2. The rights of free expression, free assembly and petition, are not only civil rights but also political rights essential to man's enjoyment of his life, to his happiness and to his full and complete fulfilment. 3. While the Bill of Rights also protects property rights, the primacy of human rights over property rights is recognized. Because these freedoms are "delicate and vulnerable, as well as supremely precious in our society" and the "threat of sanctions may deter their exercise almost as potently as the actual application of sanctions," they "need breathing space to survive," permitting government regulation only "with narrow specificity." 4. Property and property rights can be lost thru prescription; but human rights are imprescriptible.
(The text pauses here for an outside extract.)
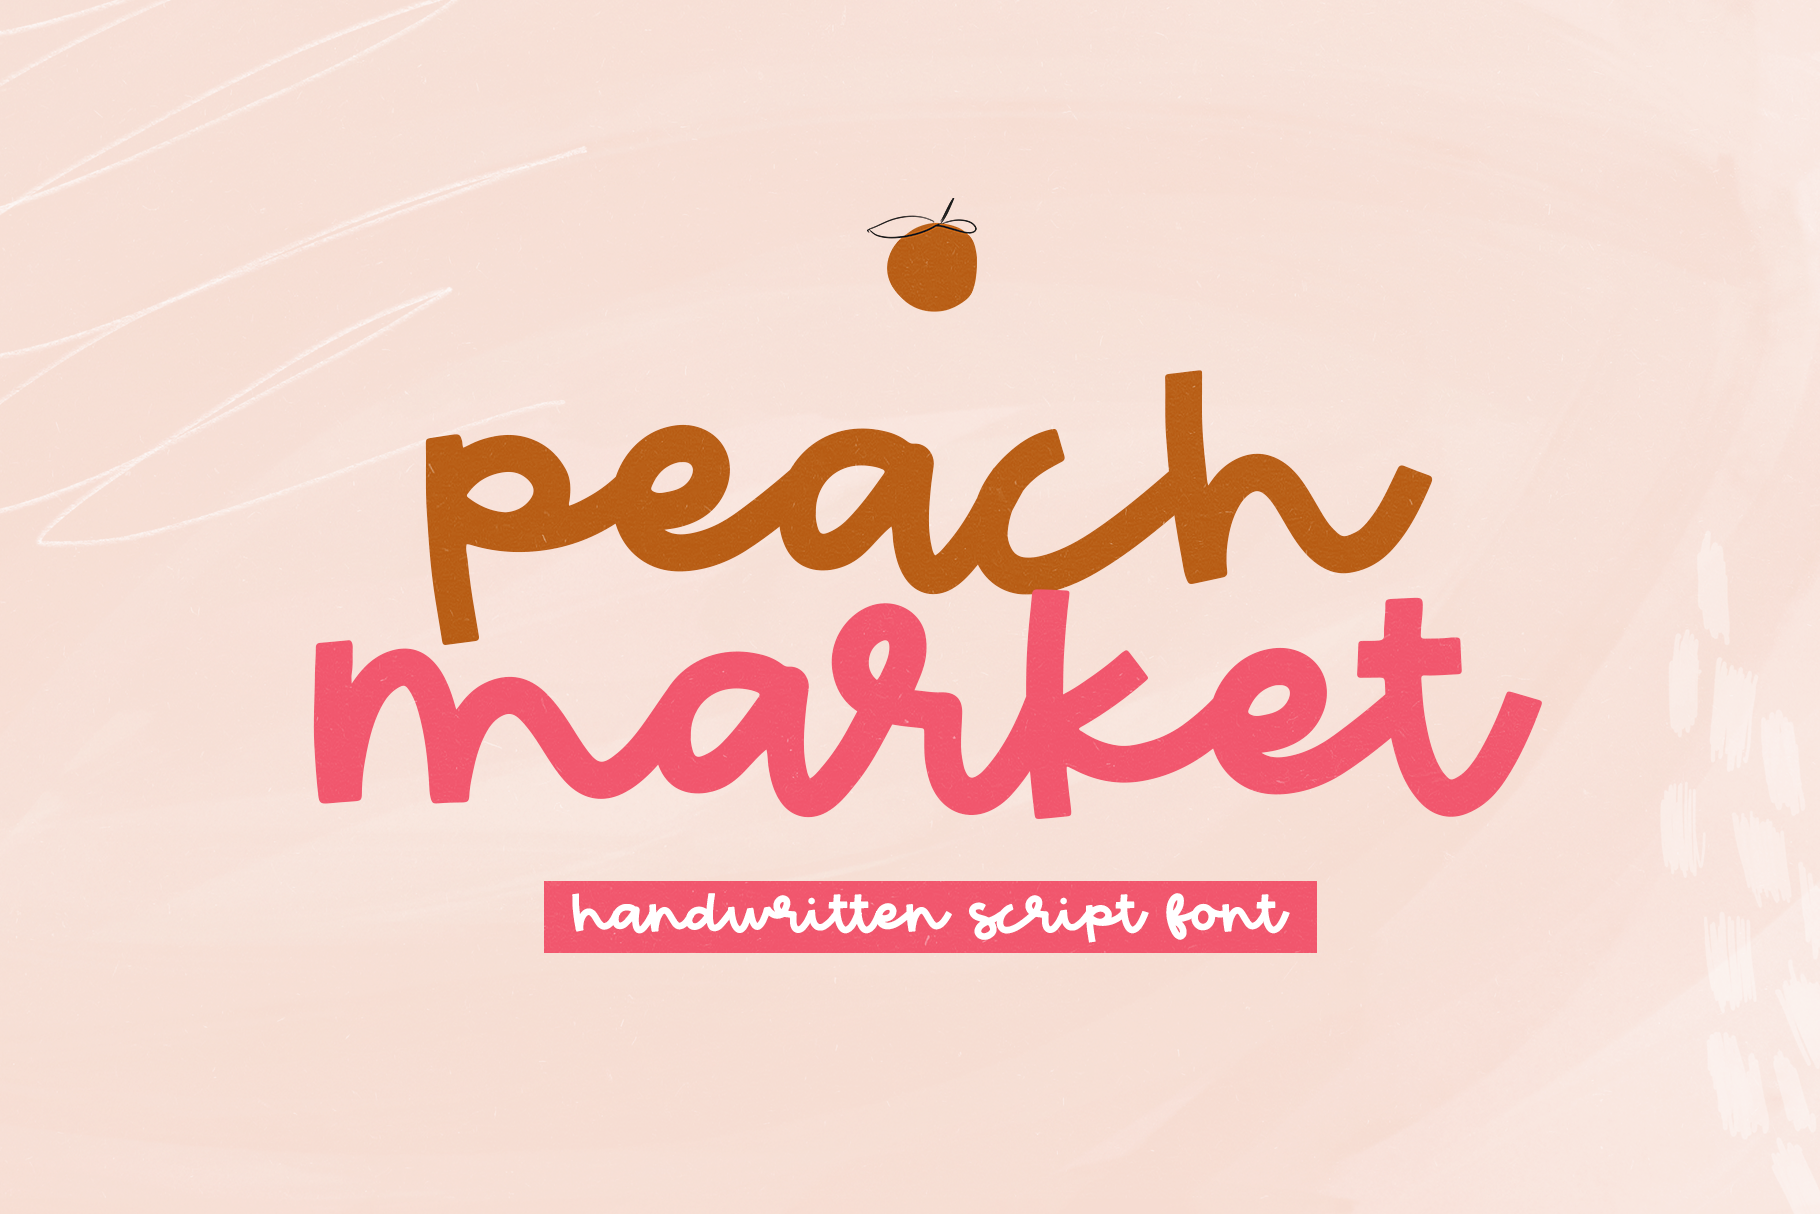 Peach Market Handwritten Script Font By Ka Designs Thehungryjpeg Com

If human rights are extinguished by the passage of time, then the Bill of Rights is a useless attempt to limit the power of government and ceases to be an efficacious shield against the tyranny of officials, of majorities, of the influential and powerful, and of oligarchs - political, economic or otherwise. 5. In the hierarchy of civil liberties, the rights of free expression and of assembly occupy a preferred position as they are essential to the preservation and vitality of our civil and political institutions; and such priority "gives these liberties the sanctity and the sanction not permitting dubious intrusions." 6. The superiority of these freedoms over property rights is underscored by the fact that a mere reasonable or rational relation between the means employed by the law and its object or purpose that the law is neither arbitrary nor discriminatory nor oppressive would suffice to validate a law which restricts or impairs property rights. On the other hand, a constitutional or valid infringement of human rights requires a more stringent criterion, namely existence of a grave and immediate danger of a substantive evil which the State has the right to prevent.